German-Russian Institute of Advanced Technologies (GRIAT)
Das German-Russian Institute of Advanced Technologies (GRIAT) ist das größte Bildungsprojekt im Bereich Master- und Promotionsstudium zwischen Deutschland und Russland und darauf ausgerichtet, an der renommierten Kasaner Staatlichen Technischen Forschungsuniversität (KNRTU-KAI) hochqualifizierte Ingenieurinnen und Ingenieure auszubilden. Während des Studiums erwerben die Studierenden neuestes und zukunftsorientiertes Wissen – unter anderem durch gemeinsame Forschungsprojekte und sowie Kooperationen mit deutschen und russischen Ingenieurbüros und Firmen.

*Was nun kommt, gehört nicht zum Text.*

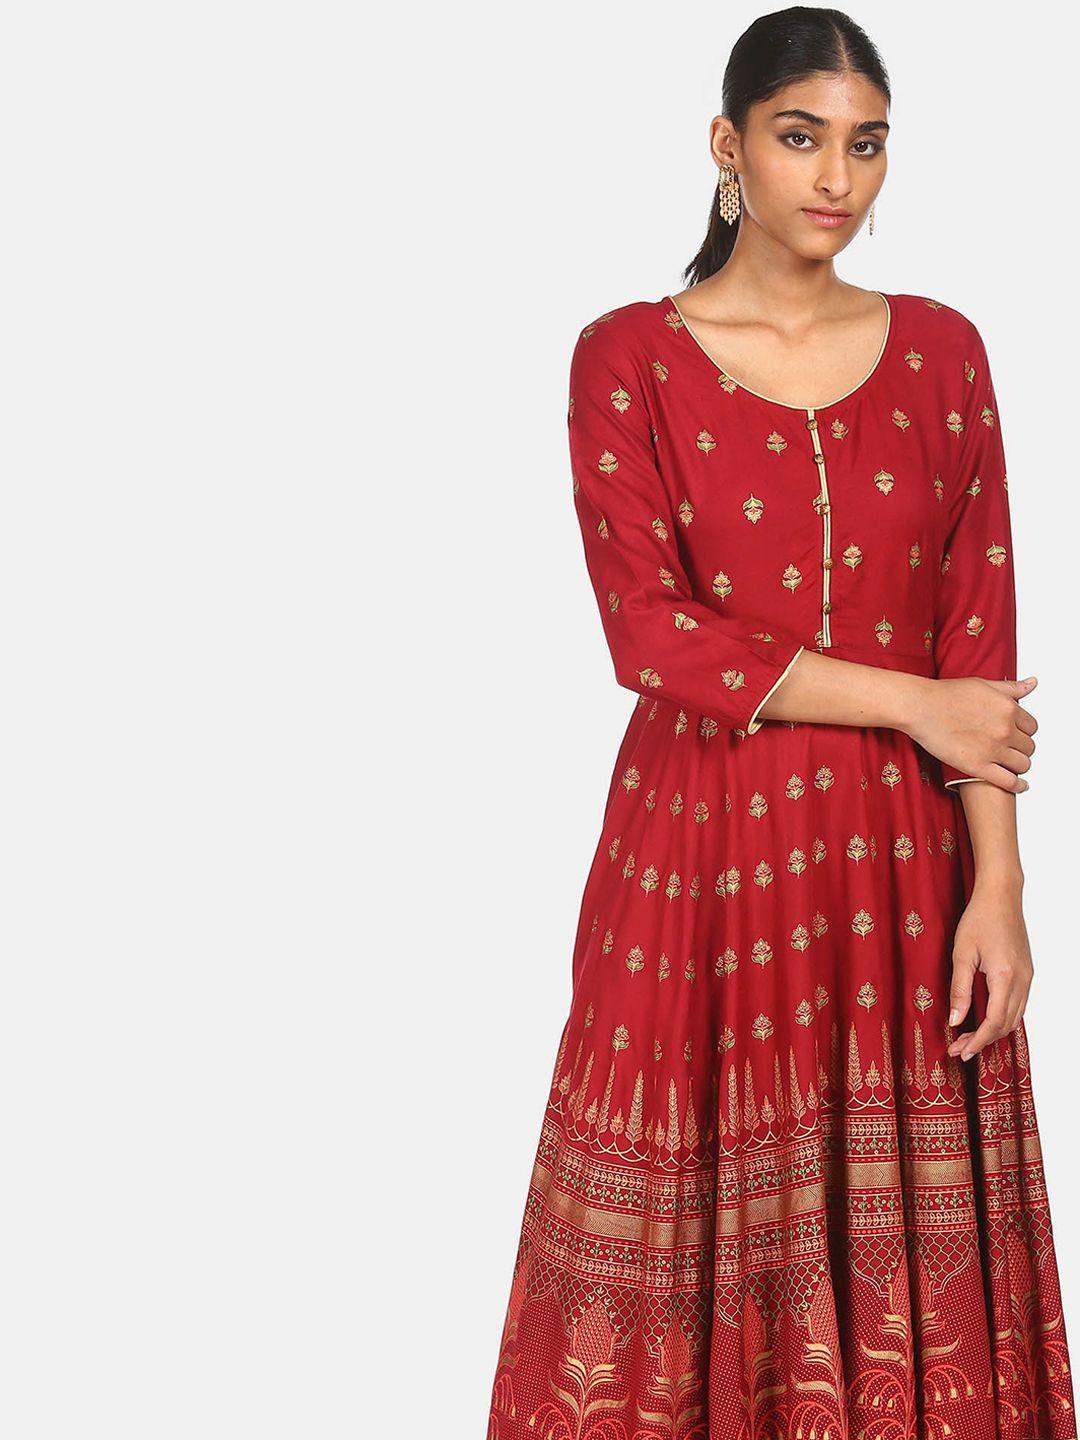 anahi women red & gold-toned ethnic motifs printed indie prints anarkali kurta

Zentrum für Deutschland- und Europastudien (ZDES)
Das ZDES ist in der sozialwissenschaftlichen Landschaft Russlands sowie aufgrund der deutsch-russischen Kooperationsstruktur einzigartig und hat sich in der russischen sozialwissenschaftlichen Community zu einer wichtigen Anlaufstelle entwickelt. Seine wesentlichen Ziele liegen in der Durchführung von Lehre, Forschung und wissenschaftlichen Austauschaktivitäten sowie in der Bereitstellung von Informationen und Beratung im Bereich der sozialwissenschaftlichen Deutschland- und Europastudien. Zudem sollen neue wissenschaftliche Netzwerke erschlossen und wissenschaftliche Expertise auch außerhalb akademischer Fachzirkel bereitgestellt werden.